WORK REQUEST: Taking the data below, please print only the lines from the line holding "Batumi, Georgia - July" to the line holding "Miếng dán chống", inclusive, with pictures omitted.

(DATASET ENTRIES)

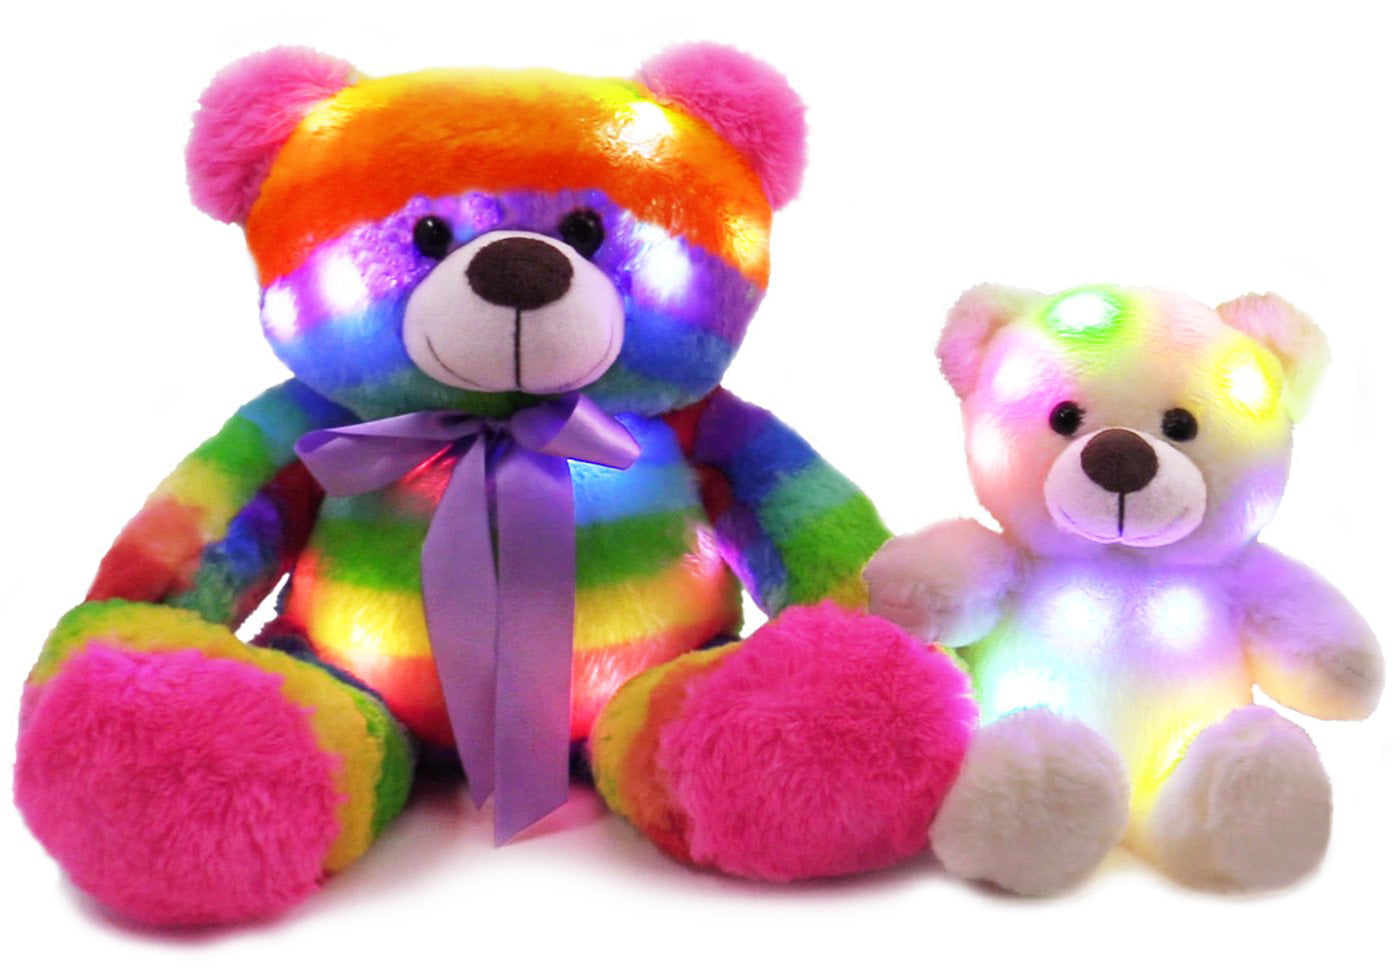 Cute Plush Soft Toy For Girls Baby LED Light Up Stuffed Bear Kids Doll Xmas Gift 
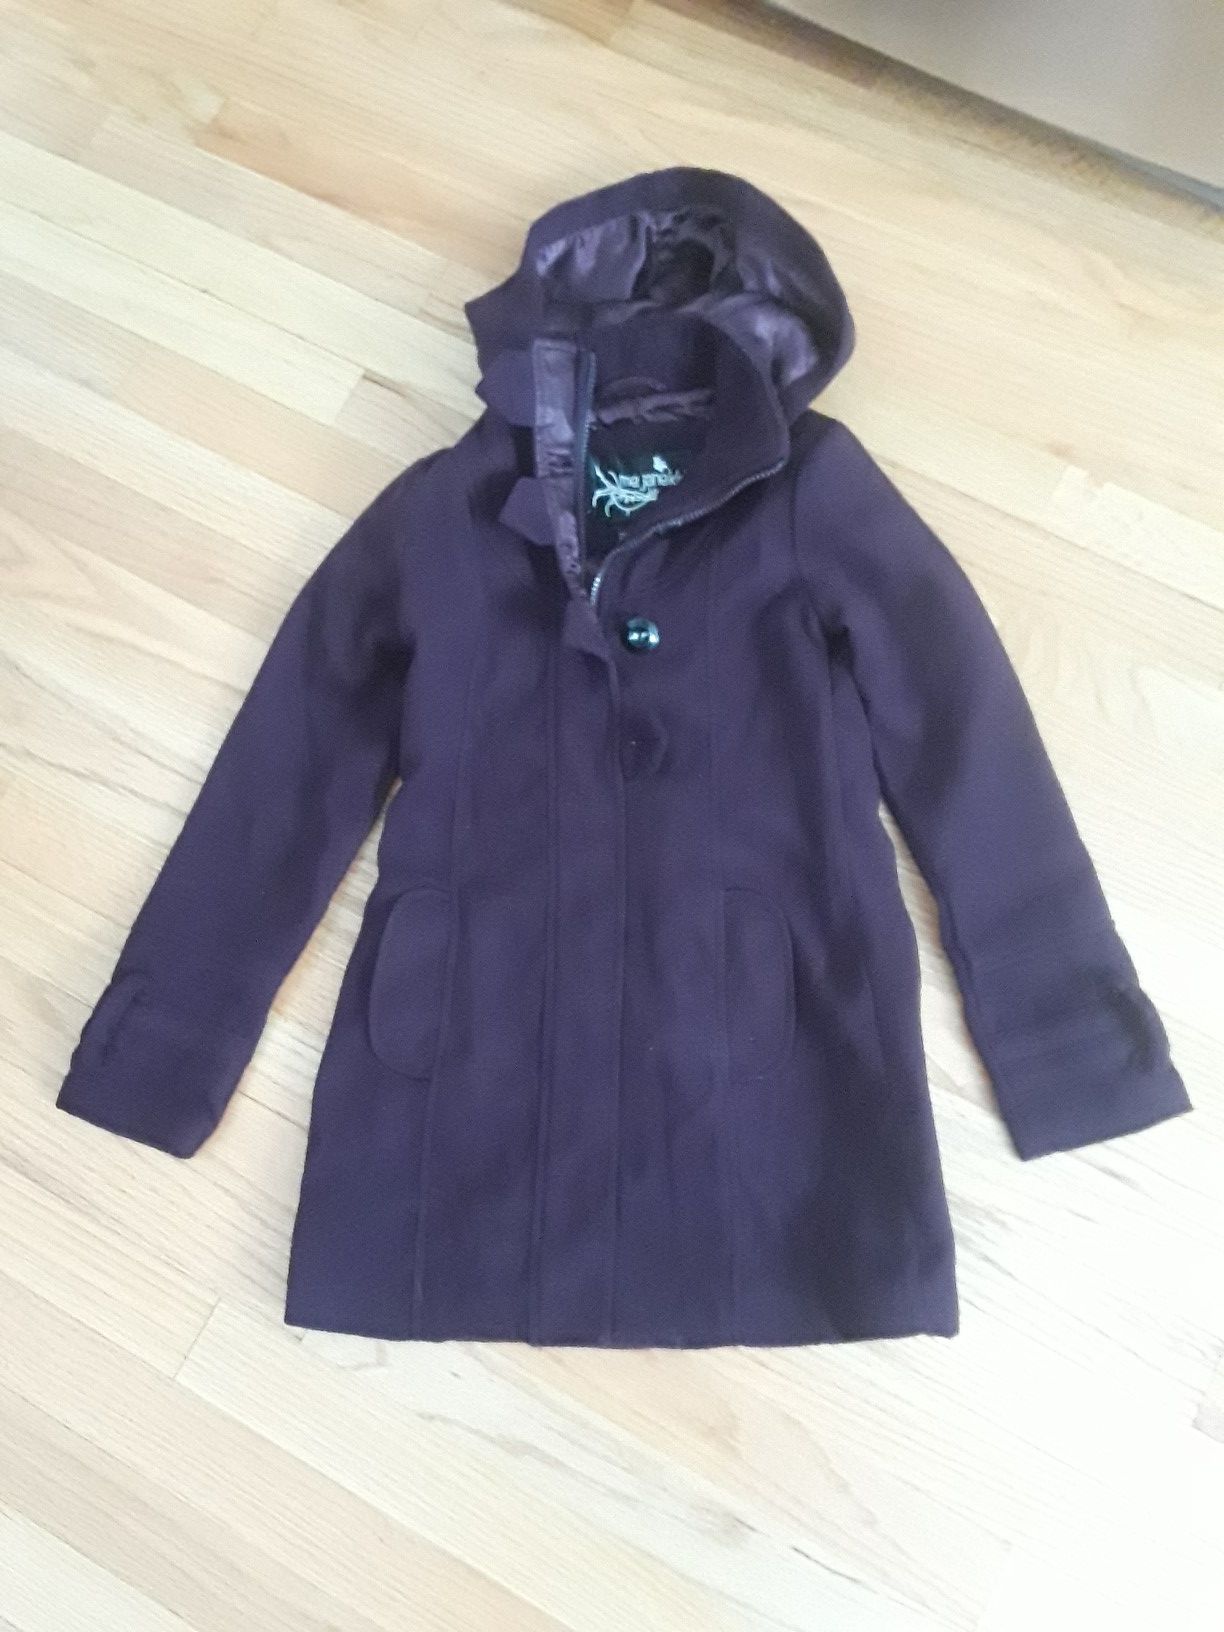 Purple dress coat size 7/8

(End DATASET ENTRIES)
(DATASET ENTRIES)

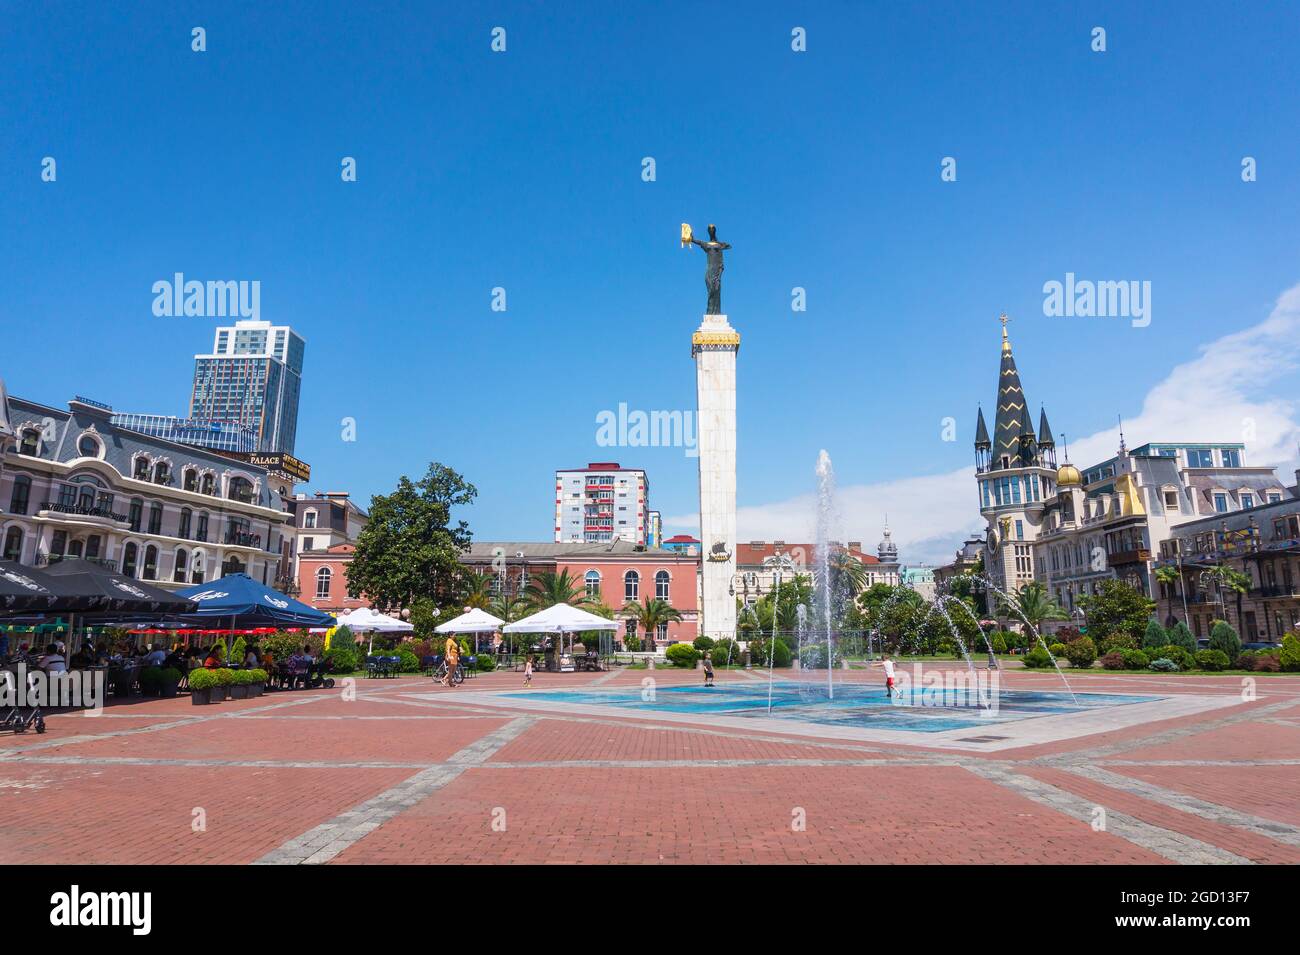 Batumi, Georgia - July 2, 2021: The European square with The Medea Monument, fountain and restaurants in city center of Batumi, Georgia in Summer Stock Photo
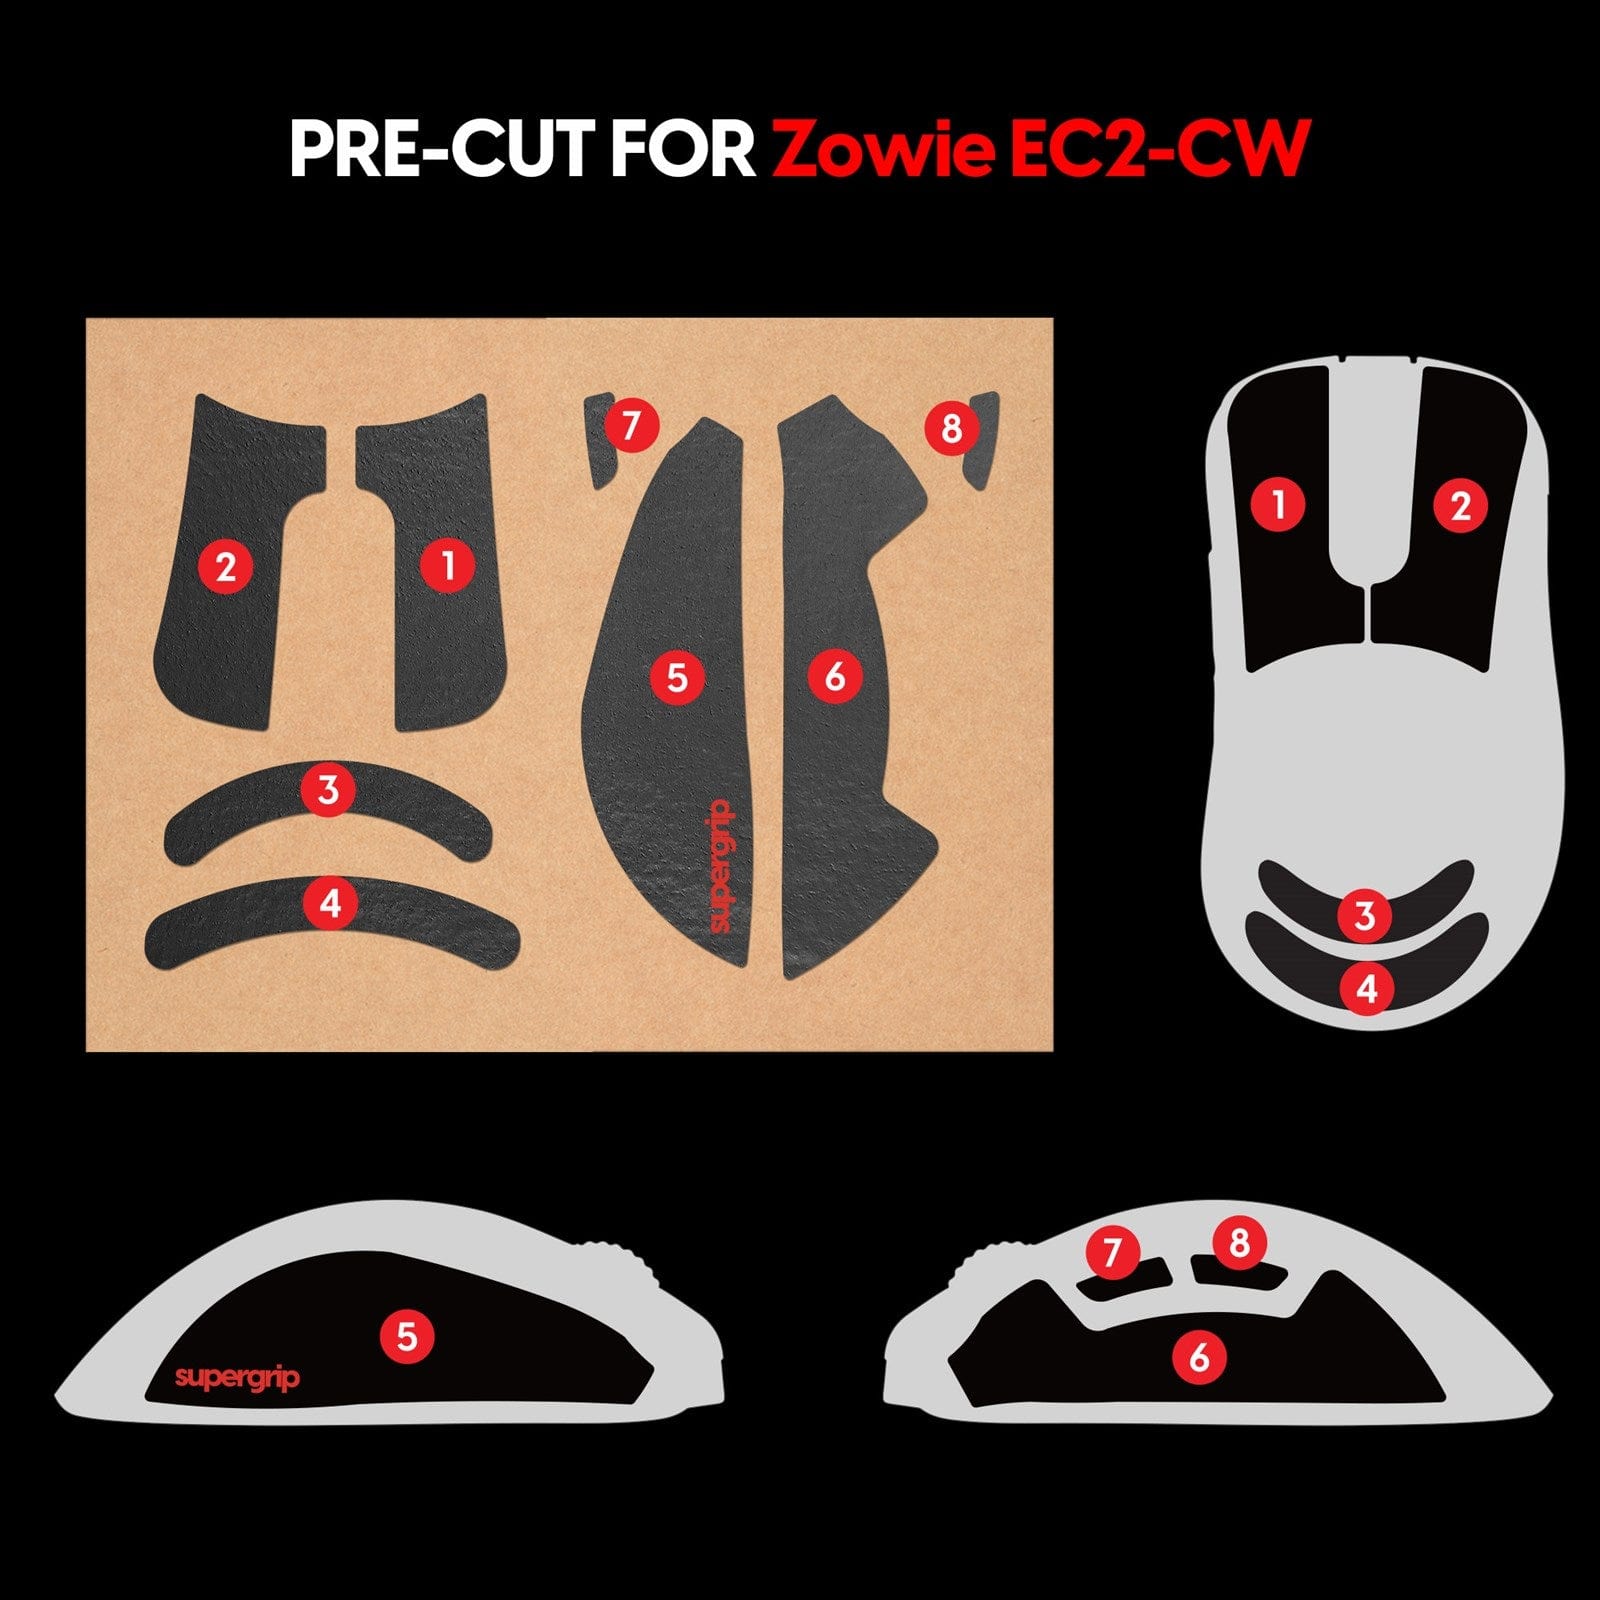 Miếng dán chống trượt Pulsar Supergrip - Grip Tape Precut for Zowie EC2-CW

(End DATASET ENTRIES)

COMPLETED TASK:
 Batumi, Georgia - July 2, 2021: The European square with The Medea Monument, fountain and restaurants in city center of Batumi, Georgia in Summer Stock Photo
 Miếng dán chống trượt Pulsar Supergrip - Grip Tape Precut for Zowie EC2-CW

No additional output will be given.